Throughout the six month intervention there was a progressive decline in body weight that reached ~10% for the CR group at the completion of the study [15]. Body composition analysis by dual x-ray absorptiometry and multi-slice computed tomography showed that the loss of tissue mass was attributable to significant reductions in both fat mass (CR:−24±3%) and fat-free mass (CR:−4±1%), and a 27% decrease in both visceral and subcutaneous fat depots. It was interesting to note that the fat distribution within the abdomen was not altered by CR [15]. We also observed a reduction in subcutaneous abdominal mean fat cell size by ~20%, a lowering of hepatic lipid by ~37% but no change in skeletal muscle lipid content [21].
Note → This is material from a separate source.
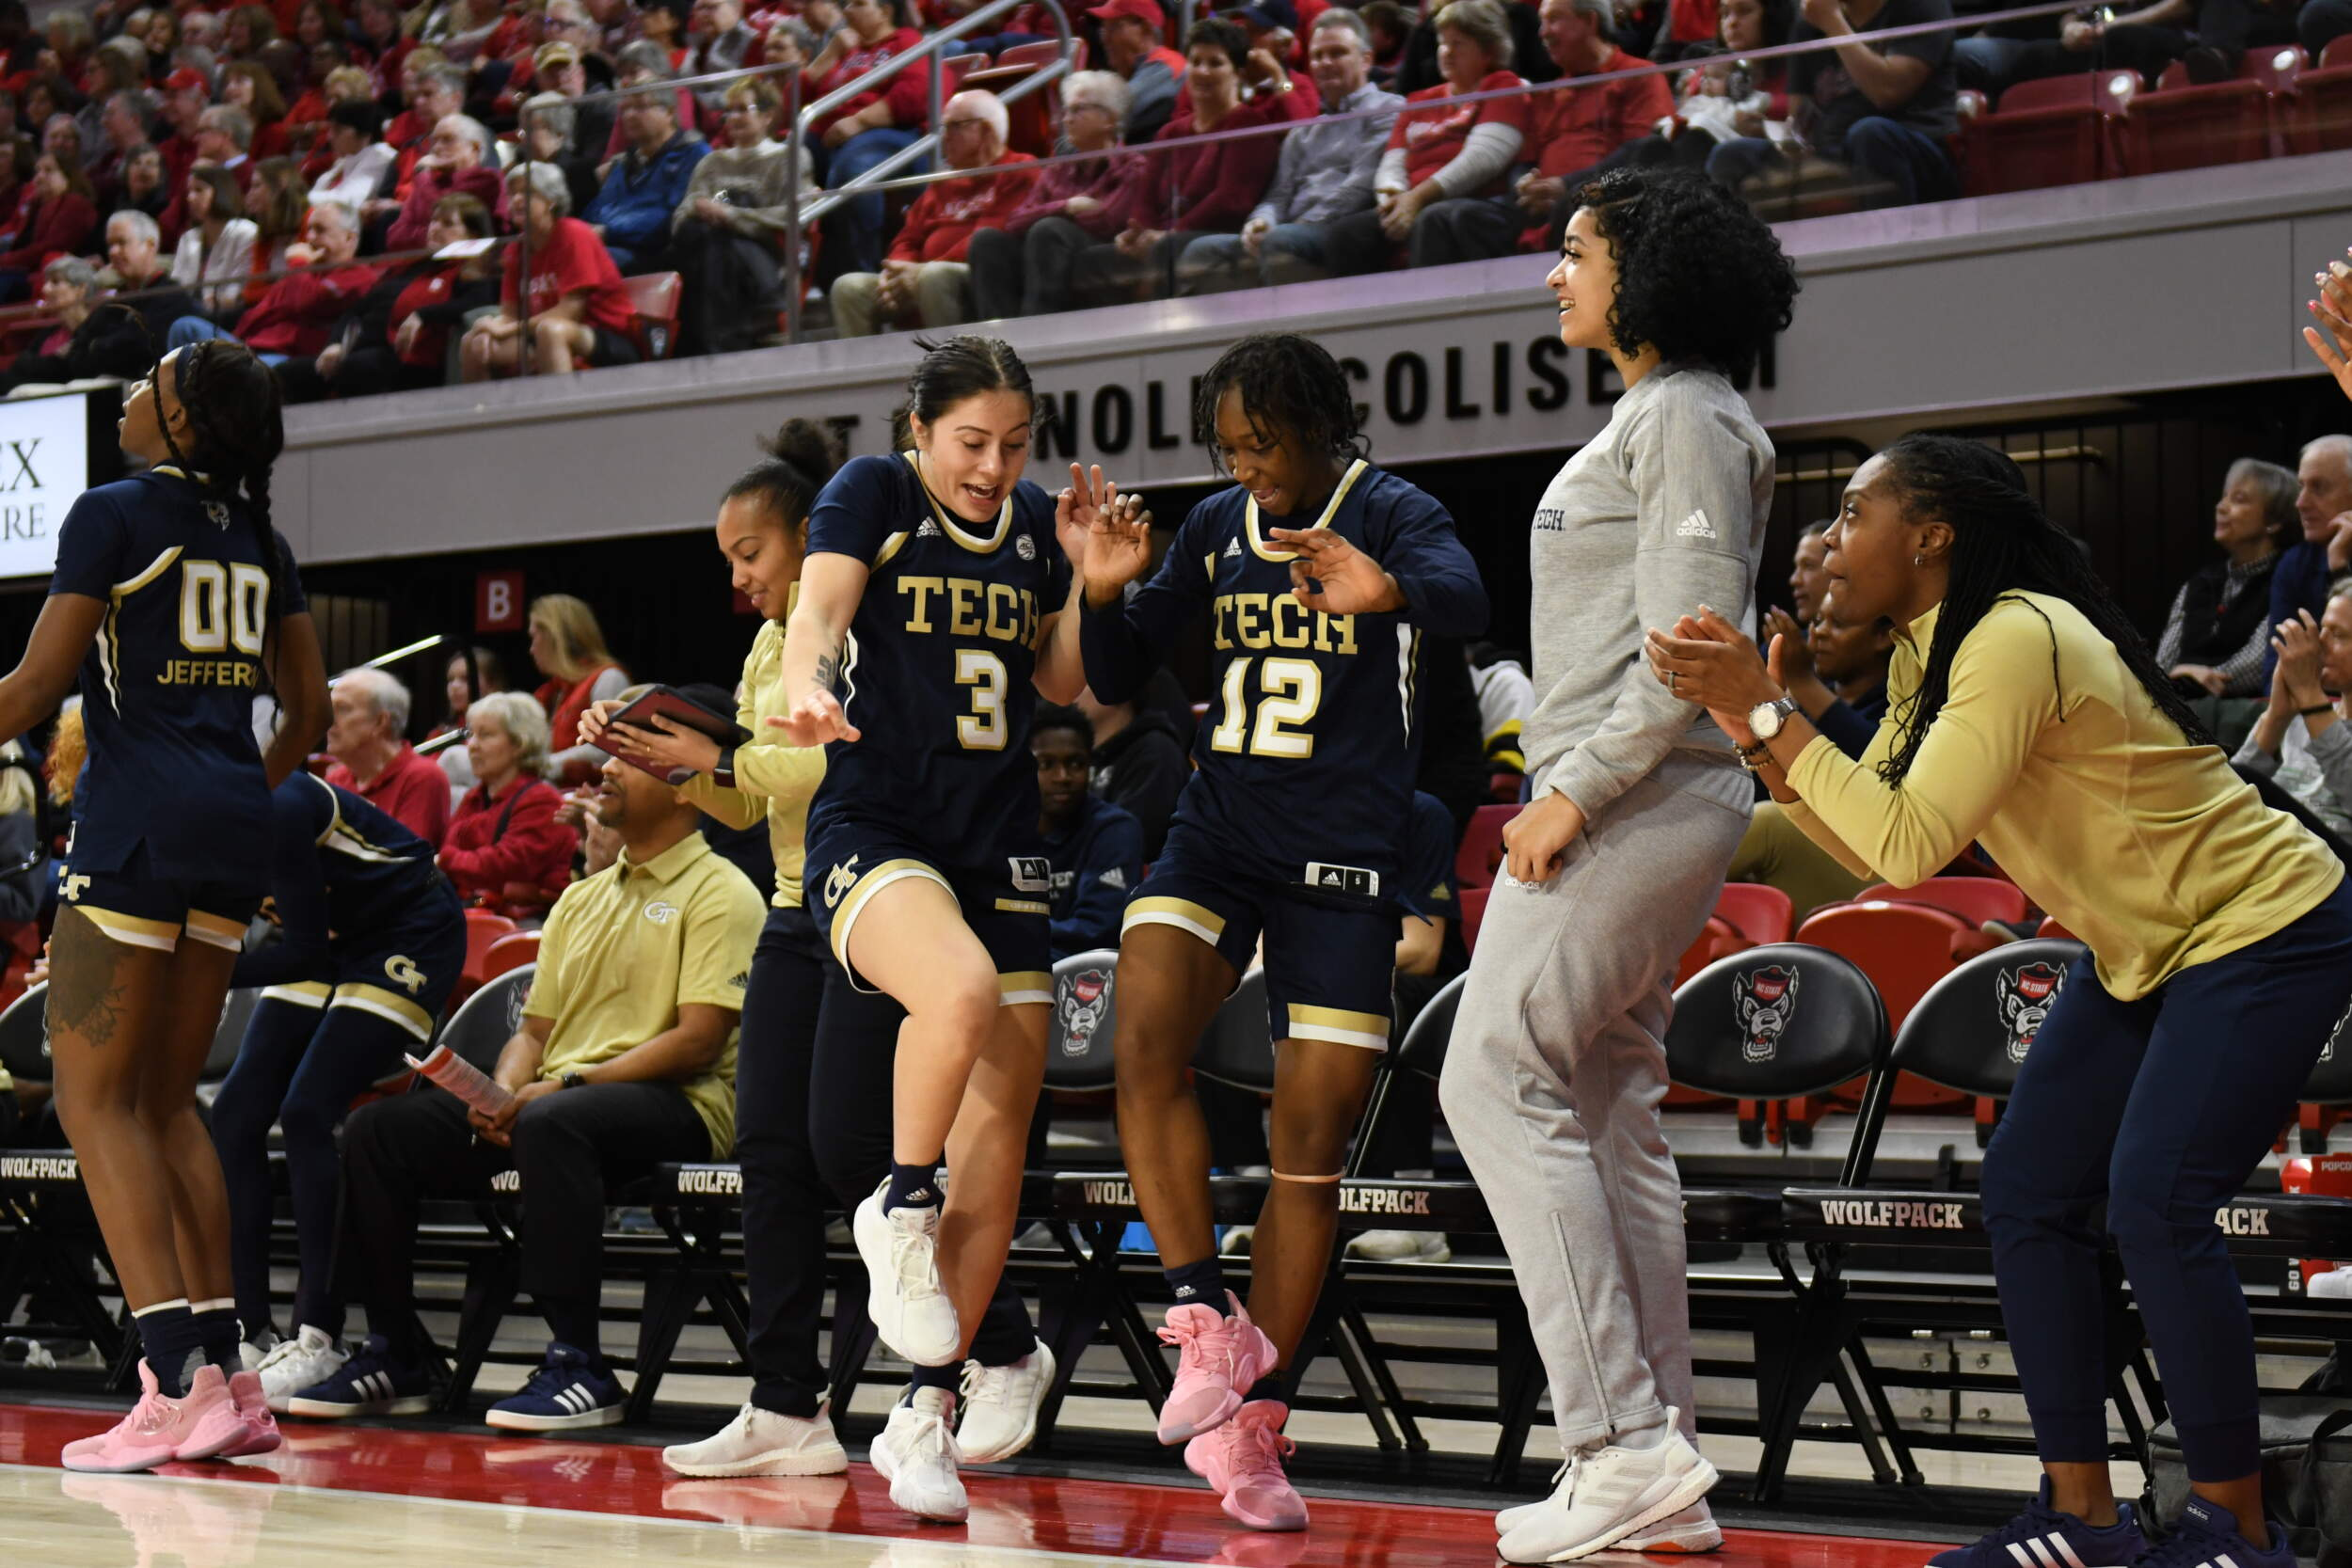 VIDEO: Women's Basketball Shocks No. 4 NC State

b. Biomarkers of longevity

A “biomarker of aging” is considered to be any parameter that reflects physiological or functional age; it must undergo significant age-related changes, be slowed or reversed by treatments that increase longevity (e.g. calorie restriction), and must be reliably measured (Figure 1). Numerous biomarkers have been identified in rodents and primates including temperature and hormones DHEA-S and insulin [25]. In the CALERIE study, 2 out of the 3 biomarkers of longevity [25] were improved with six months of 25% CR [6]. Significant reductions were observed in both fasting insulin concentrations (−29±6%) and core body temperature (−0.20±0.05°C), whereas DHEA-S was unchanged by the intervention (Figure 2). These findings of course echo results previously reported in nonhuman primates and rodents on CR and long lived men in The Baltimore Longitudinal Study of Aging [25].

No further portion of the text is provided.